LABICHE WAS WRONG about Levon making bail that afternoon. Unlike his counterpart Jimmy Nightingale, Levon didn’t make friends with authorities or politicians he didn’t like. The South has changed in many ways, but beyond the sophistry and hush-puppy platitudes is a core group that is as malignant and hot and sweaty as a torchlit mob flinging a rope over a tree limb. The judge before whom Levon appeared was the Honorable Bienville Tomey. His face had the choleric intensity of a dried squash and the same level of humanity. He wore his irritability like a flag.

“What the hell do you have to say for yourself?” he asked Levon.

“Nothing, Your Honor,” Levon answered.

“You’re entering a plea of not guilty?”

“Yes, that’s correct, Your Honor,” Levon’s attorney said.
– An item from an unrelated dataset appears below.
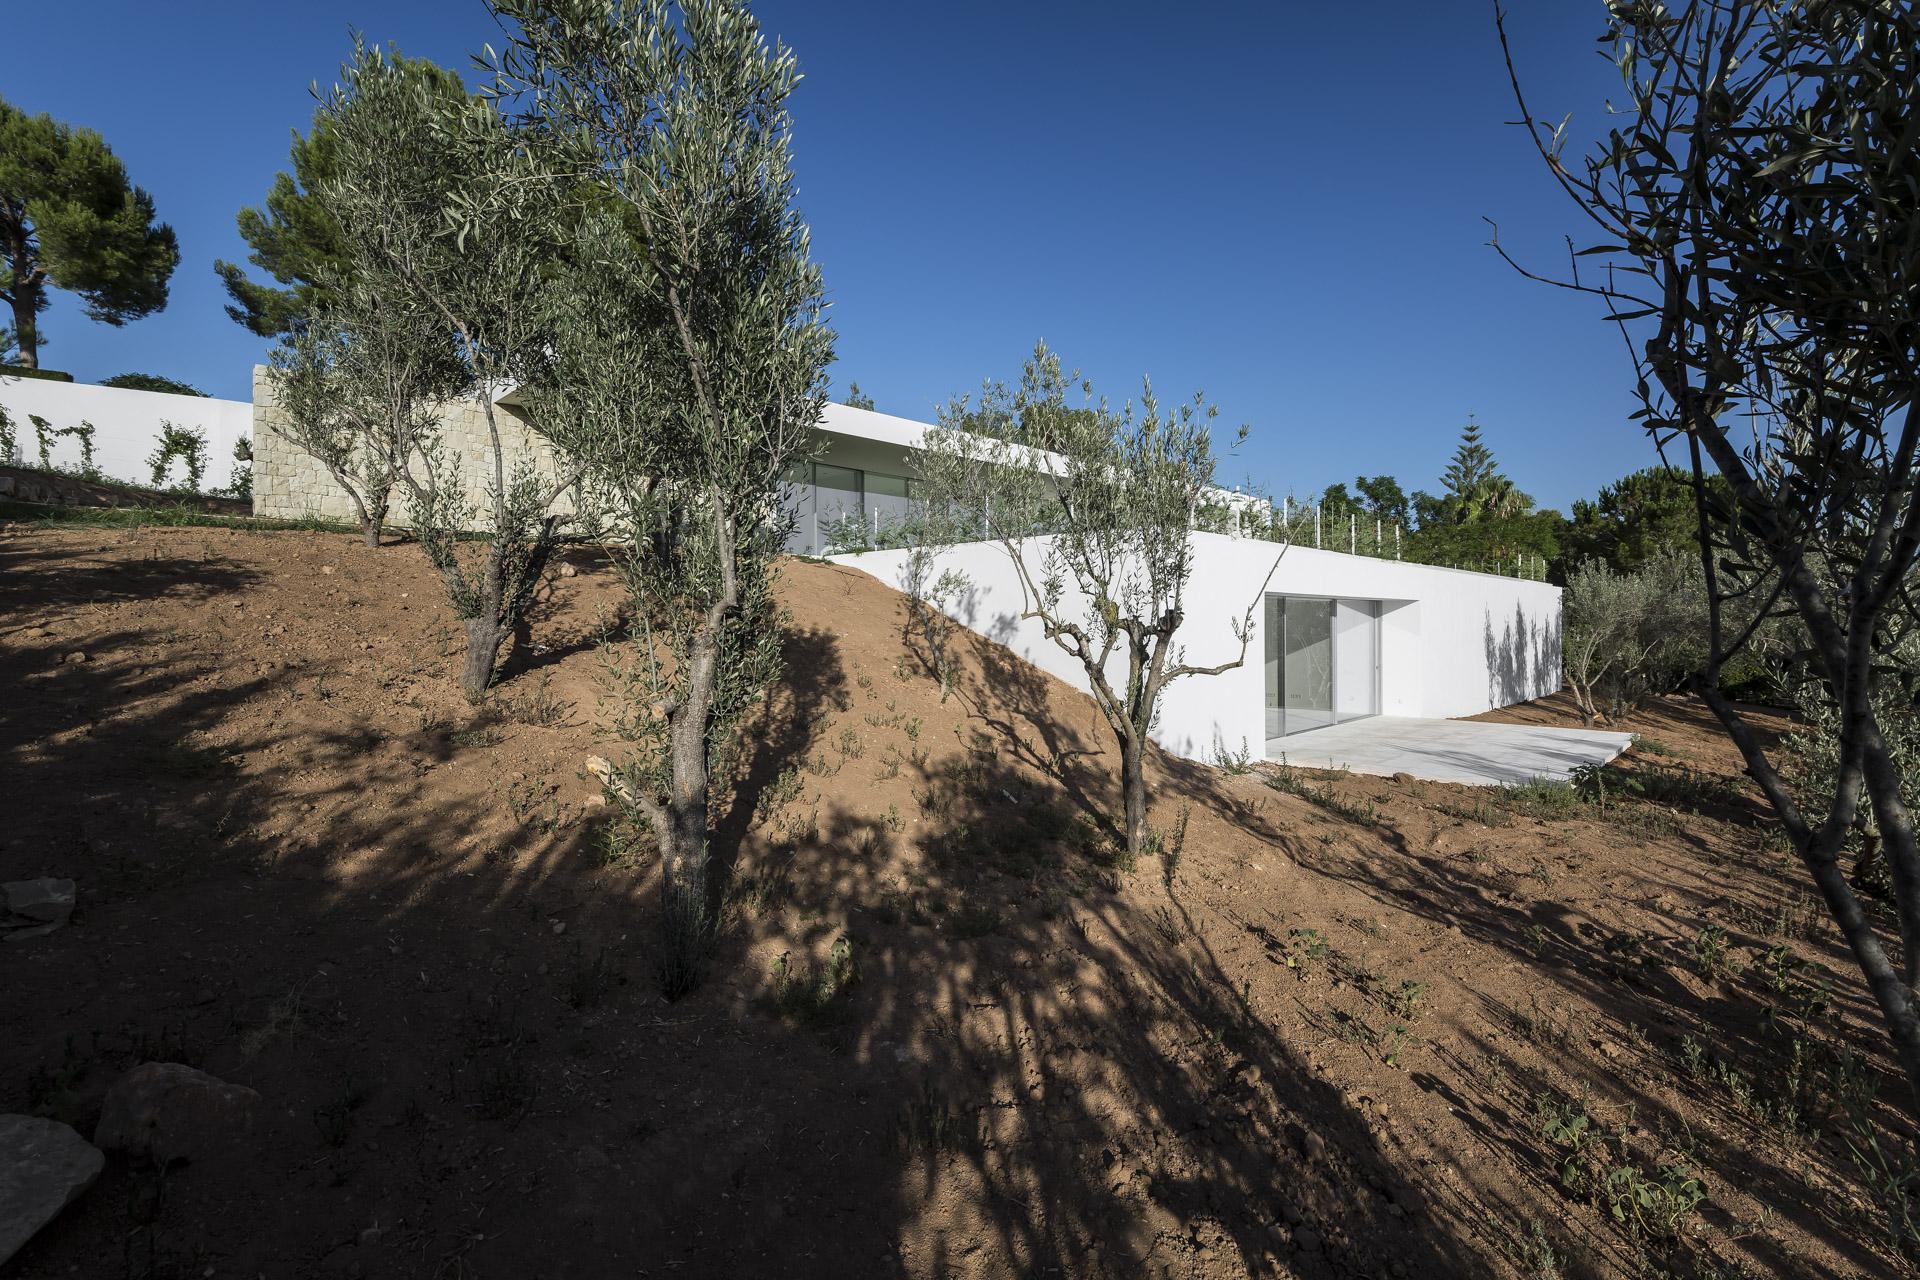 fotografia-arquitectura-valencia-german-cabo-gallardo-llopis-villamarchante-vivienda-31
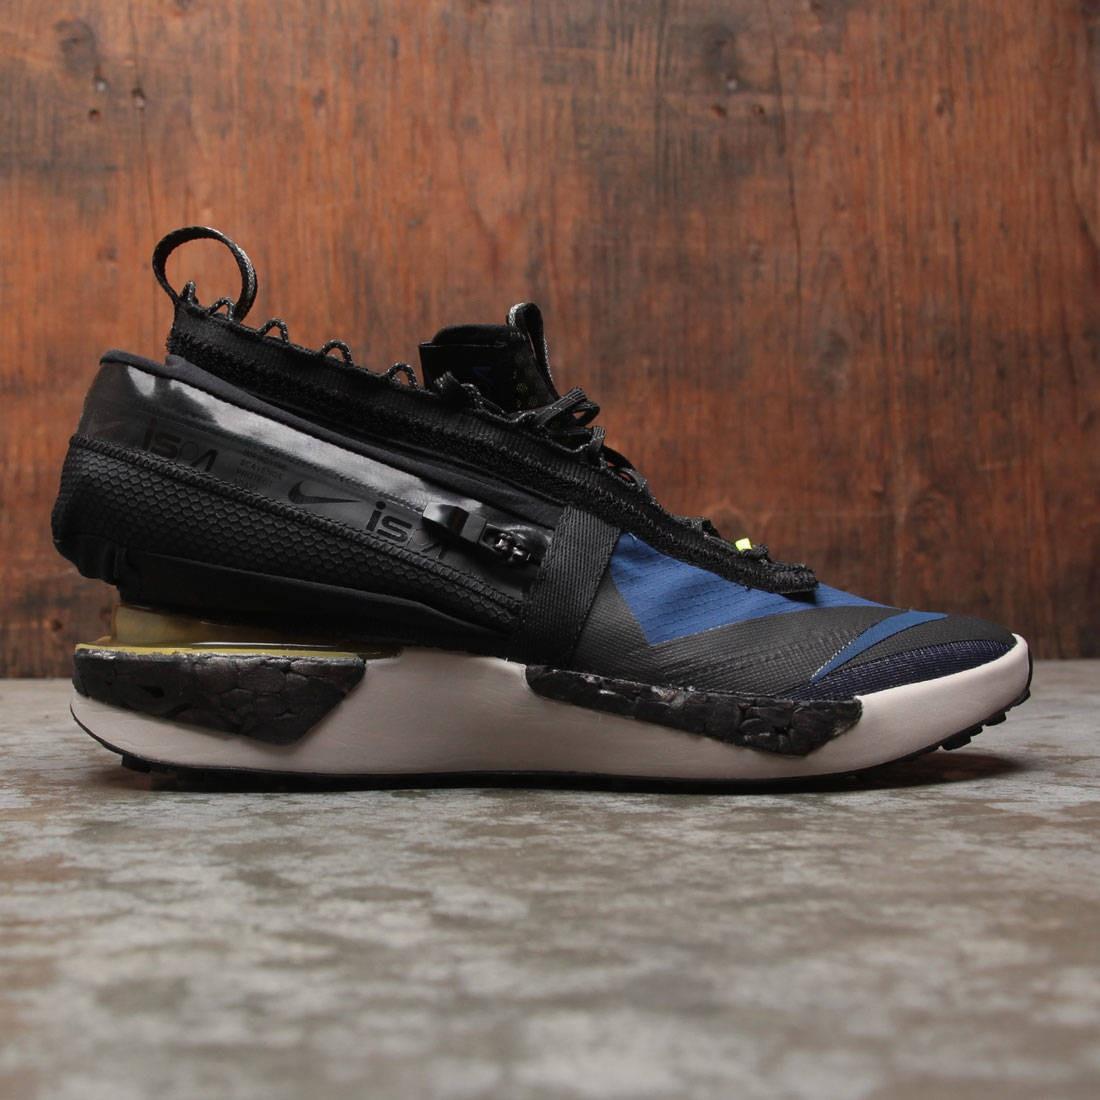 Nike Men Ispa Drifter Gator (coastal blue / coastal blue-black-volt)

“I didn’t ask you. The defendant will answer my question.”

“Yes, sir,” Levon said.

“Yes, sir, what?”

Levon looked out the window and didn’t reply.

“Are you deaf?”

“I don’t have anything to say, sir.”

“You mean ‘Your Honor.’?”

Levon continued to stare out the window. “I didn’t torture or kill anyone. Interpret that in any way you wish.”

“Remanded in custody,” the judge said. He snapped down his gavel as he would a fly swatter.

* * *

I WAS ALLOWED to see Levon in a holding cell. It was an old one with a concrete floor that sloped down to a drain hole with a yellow-streaked perforated iron lid. There was no bench or chair to sit on. He stood at the door in an orange jumpsuit, his hands on the bars.

“Why were you in Penny’s trailer?” I said.

“Rowena remembered something. Actually, it was in a dream. In her dream, the assault by the two black guys was mixed up with the assault on Nightingale’s boat. Then she heard a voice. It was a man with his mouth right by her ear. The pillowcase was over her head, so she couldn’t see his face. She thought it was one of the black guys. It wasn’t. The voice said, ‘Here’s a penny for your thoughts.’ The voice wasn’t Nightingale’s, either.”

“Go on,” I said.

When you question a suspect, you do not offer any information unless you want him to think you know more than you do. In this instance, I wanted Levon to give up details that only a perpetrator would know. Unbeknownst to him, he might also give up details that could set him free.